I’ve just had some fun spending the last half-an-hour trying to figure out why when I used the SelectedValue property of a DropDownList, it also set the value of another DropDownList control.
Here’s some background to the problem. On my web-form, I have 2 fieldsets, one for a “Start Date”, the other for an “End Date”. For each fieldset there are 3 DropDownList; Day, Month and Year.
Now rather than populating the values declaratively, using <asp:ListItem>; since the year values will need to be incremented annually. I opted to do this programmatically in the code-behind.
Here was my code (for the Day DropDownList):
Listdays = new List (32); days.Add(new ListItem("Day", "-1")); for (int i = 1; i <= 31; i++) days.Add(new ListItem(i.ToString(), i.ToString())); // start date ddlStartDateDay.Items.Clear(); ddlStartDateDay.Items.AddRange(days.ToArray()); // end date ddlEndDateDay.Items.Clear(); ddlEndDateDay.Items.AddRange(days.ToArray());
So, whenever I tried to set the value of ddlStartDateDay.SelectedValue, the value of ddlEndDateDay would also change. So frustrated!
What I soon realised that when I was adding new ListItem objects to the List<ListItem>, it was creating a unique (internal) ID for each ListItem. Therefore when I was selecting the value for one DropDownList, it was selecting it across all DropDownList controls that contained that ListItem!
I've refactored my code to the following:
ddlStartDateDay.Items.Clear();
ddlEndDateDay.Items.Clear();
ddlStartDateDay.Items.Add(new ListItem("Day", "-1"));
ddlEndDateDay.Items.Add(new ListItem("Day", "-1"));
for (int i = 1; i <= 31; i++)
{
ddlStartDateDay.Items.Add(new ListItem(i.ToString(), i.ToString()));
ddlEndDateDay.Items.Add(new ListItem(i.ToString(), i.ToString()));
}
I'm not sure if there is any performance difference with this approach, I was just trying to use a single generic array (of ListItem) to populate multiple DropDownList controls. Obviously, this has it's own drawbacks.

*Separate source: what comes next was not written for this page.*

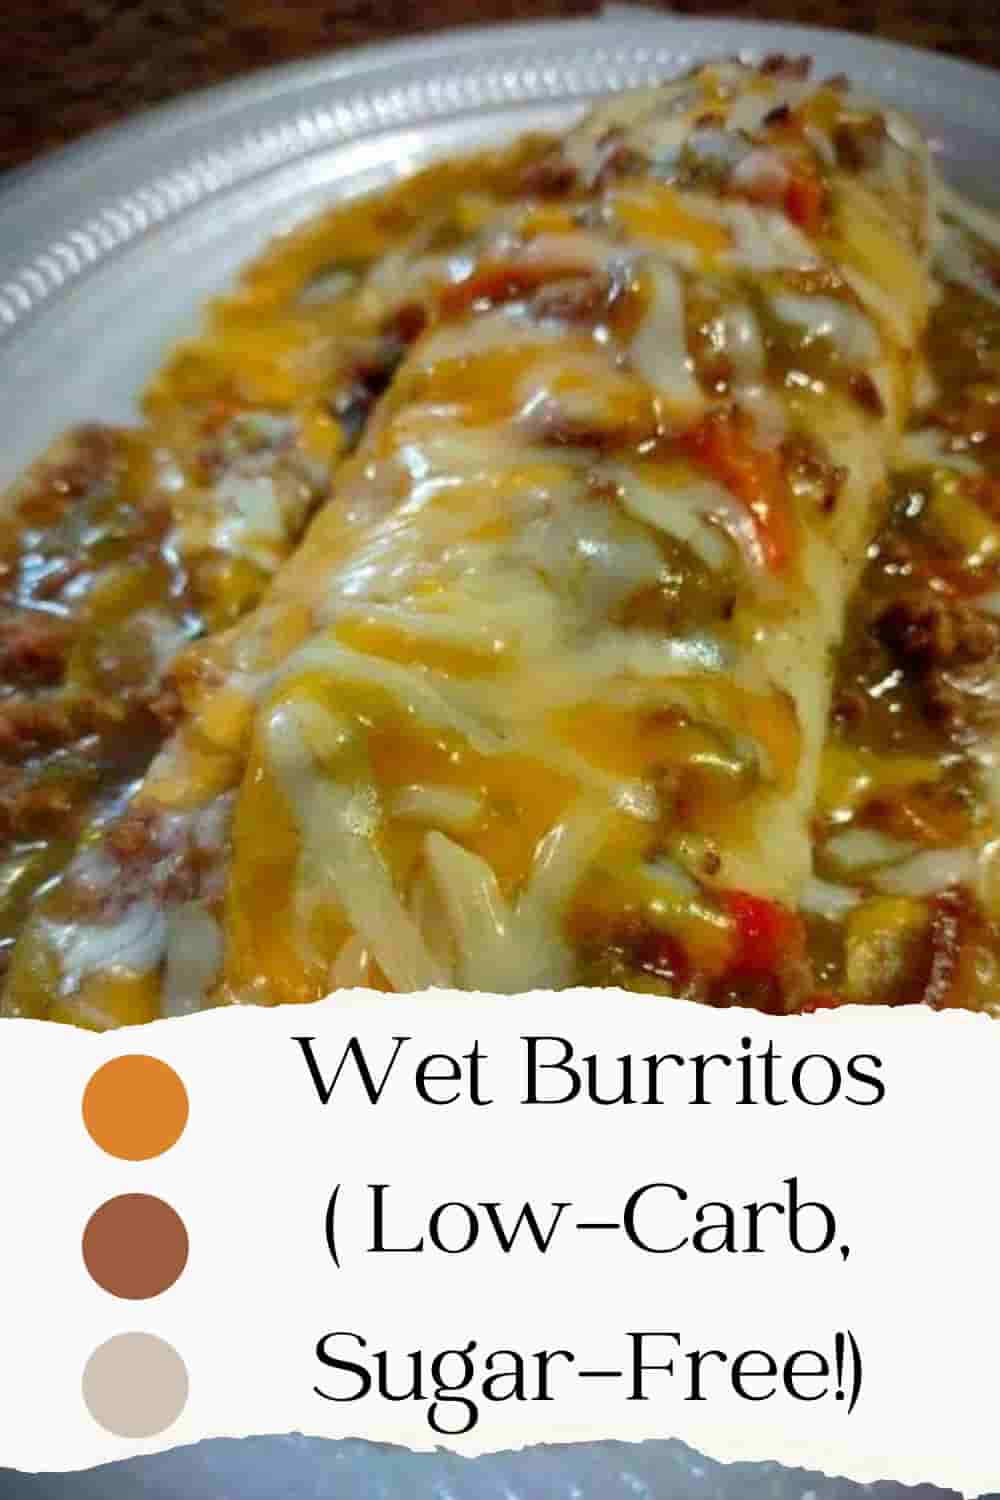 Wet Burritos Low-Carb, Sugar-Free

Difference is in call by reference or call by value.
In the first case both ddl’s are looking at the same entities of listitem objects. In the second approach each ddl gets it’s own source of entities.
This is because lisitem is a class, you wouldn’t have this problem if listitem was an struct.
Thanks for your posting. I was chasing this very problem this morning and could not figure out why this was happening until I read your post. Greatly appreciated.